Both CEOs say they could have eventually built these capabilities into their respective platforms, but after meeting they decided to bring the two companies together instead, and they made a deal.
“I realized over the last 18 months [as we spoke] that we’re actually building leadership positions into two unique areas of the market that will slowly become one as industries and technologies evolve,” Sisense CEO Amir Orad told TechCrunch.
Periscope CEO Harry Glasser says that as his company built a company around advanced analytics and predictive modeling, he saw a growing opportunity around operationalizing these insights across an organization, something he could do much more quickly in combination with Sisense.
“[We have been] pulled into this broader business intelligence conversation, and it has put us in a place where as we do this merger, we are able to instantly leapfrog the three years it would have taken us to deliver that to our customers, and deliver operationalized insights on integration day on day one,” Glasser explained.
The two executives say this is part of a larger trend about companies becoming more data-driven, a phrase that seems trite by now, but as a recent Harvard Business School study found, it’s still a big challenge for companies to achieve.
Orad says that you can debate the pace of change, but that overall, companies are going to operate better when they use data to drive decisions. “I think it’s an interesting intellectual debate, but the direction is one direction. People who deploy this technology will provide better care, better service, hire better, promote employees and grow them better, have better marketing, better sales and be more cost effective,” he said.
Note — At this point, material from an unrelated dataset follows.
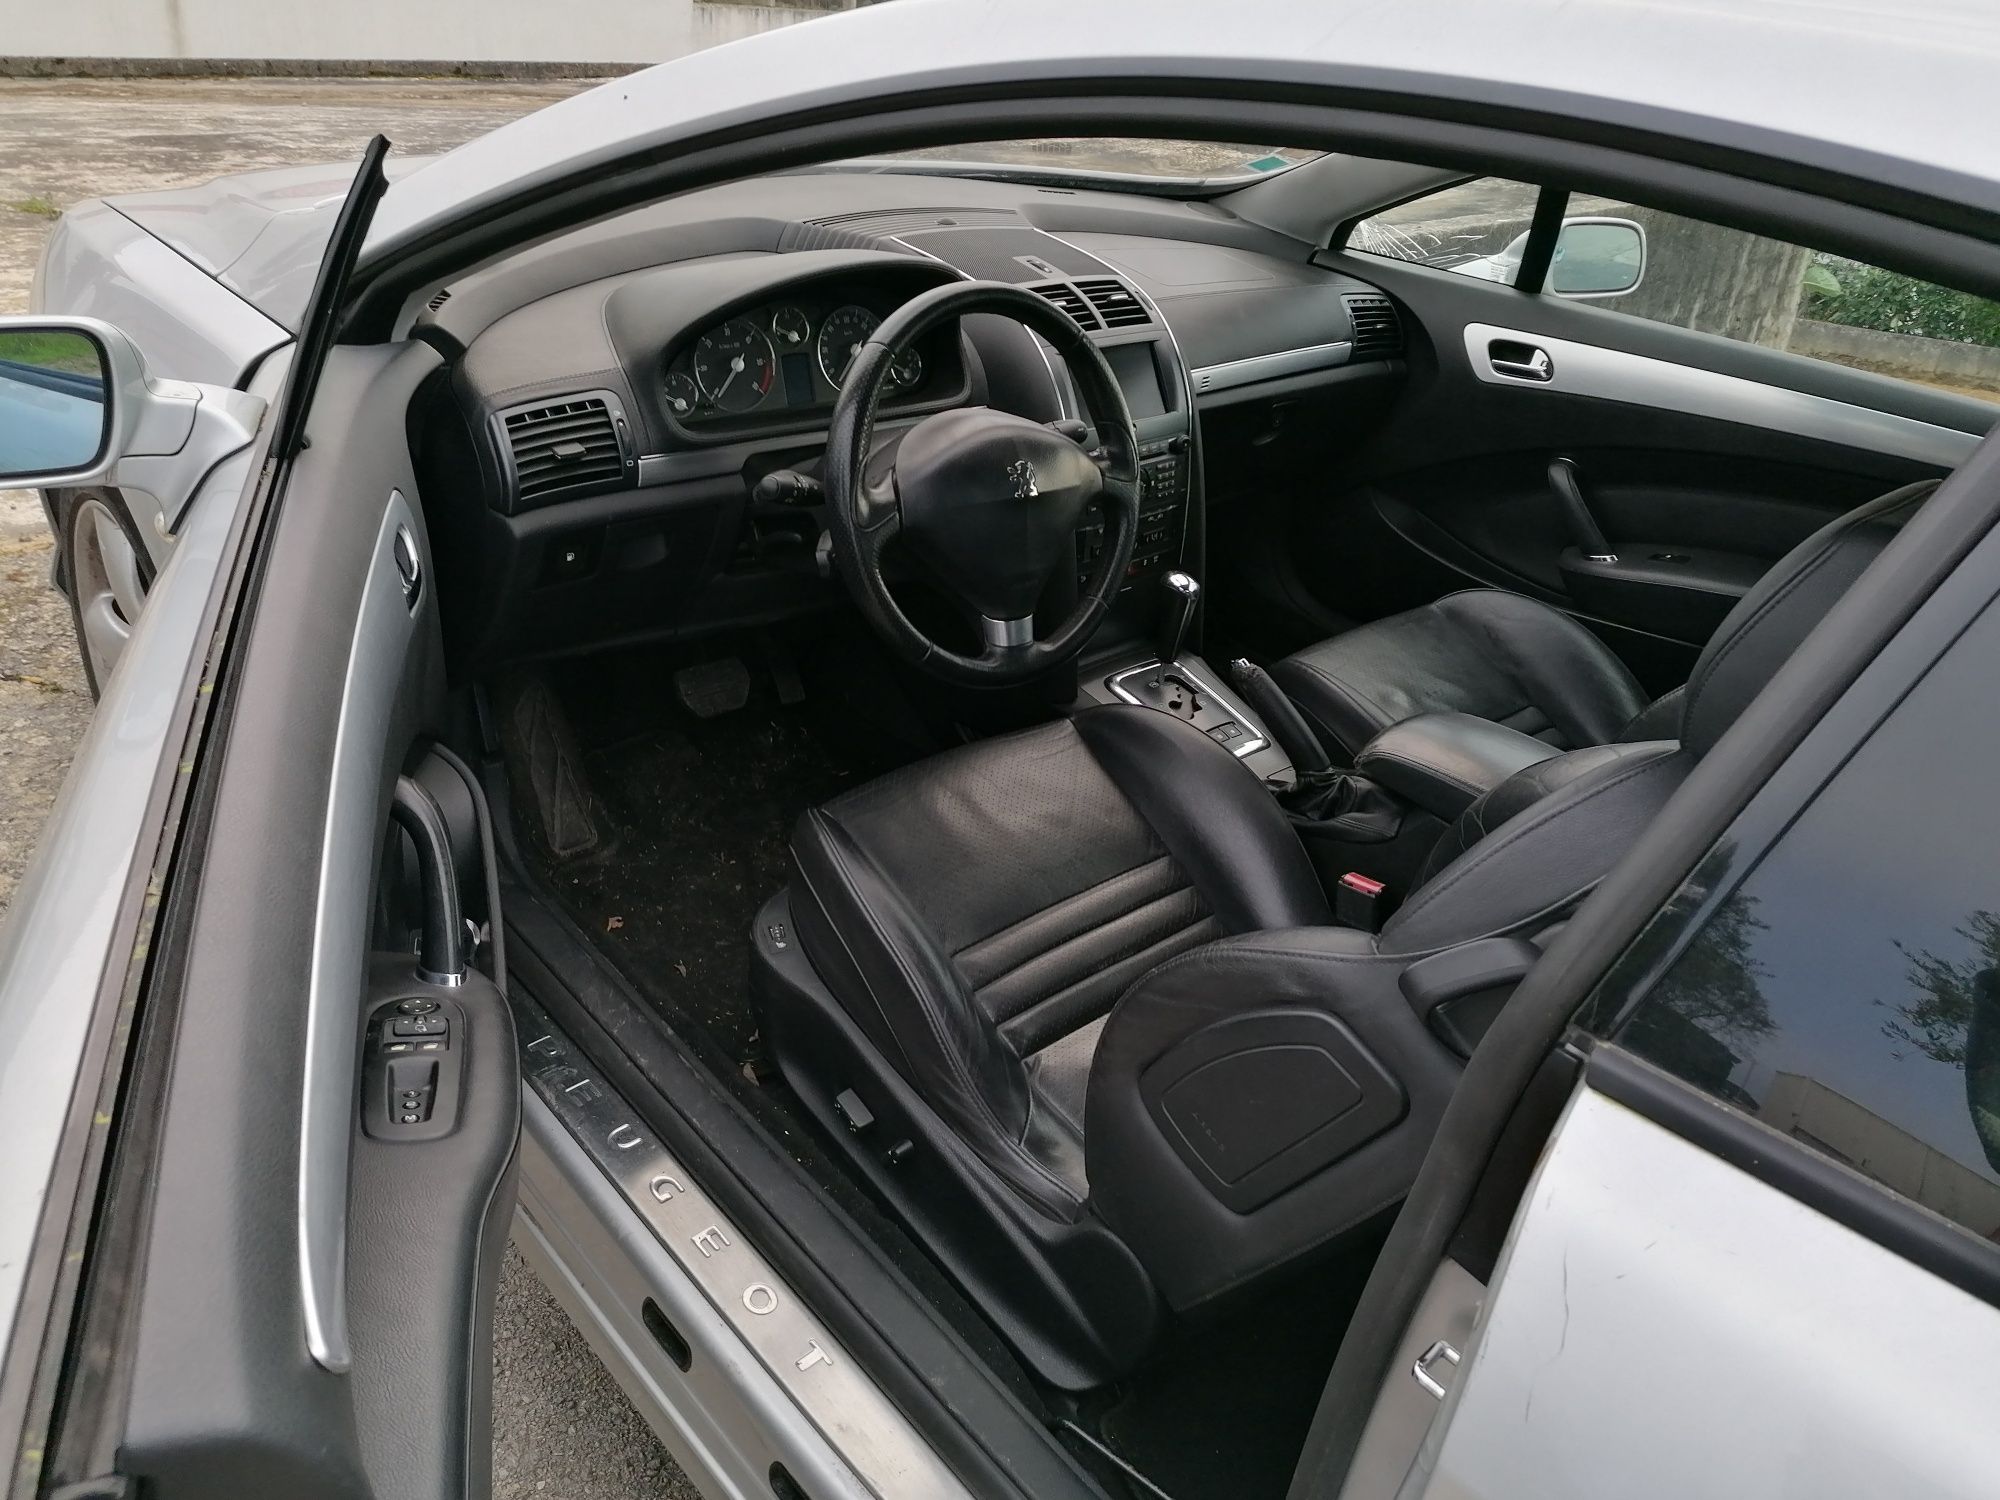 Interior em pele Peugeot 407 coupe

Orad and Glasser recognize that many acquisitions don’t succeed, but they believe they are bringing together two like-minded companies that will have a combined ARR of $100 million and 700 employees.
“That’s the icing on the cake, knowing that the cultures are so compatible, knowing that they work so well together, but it starts from a conviction that this advanced analytics can be operationalized throughout enterprises and [with] their customers. This is going to drive transformation inside our customers that’s really great for them and turns them into data-driven companies,” Glasser said.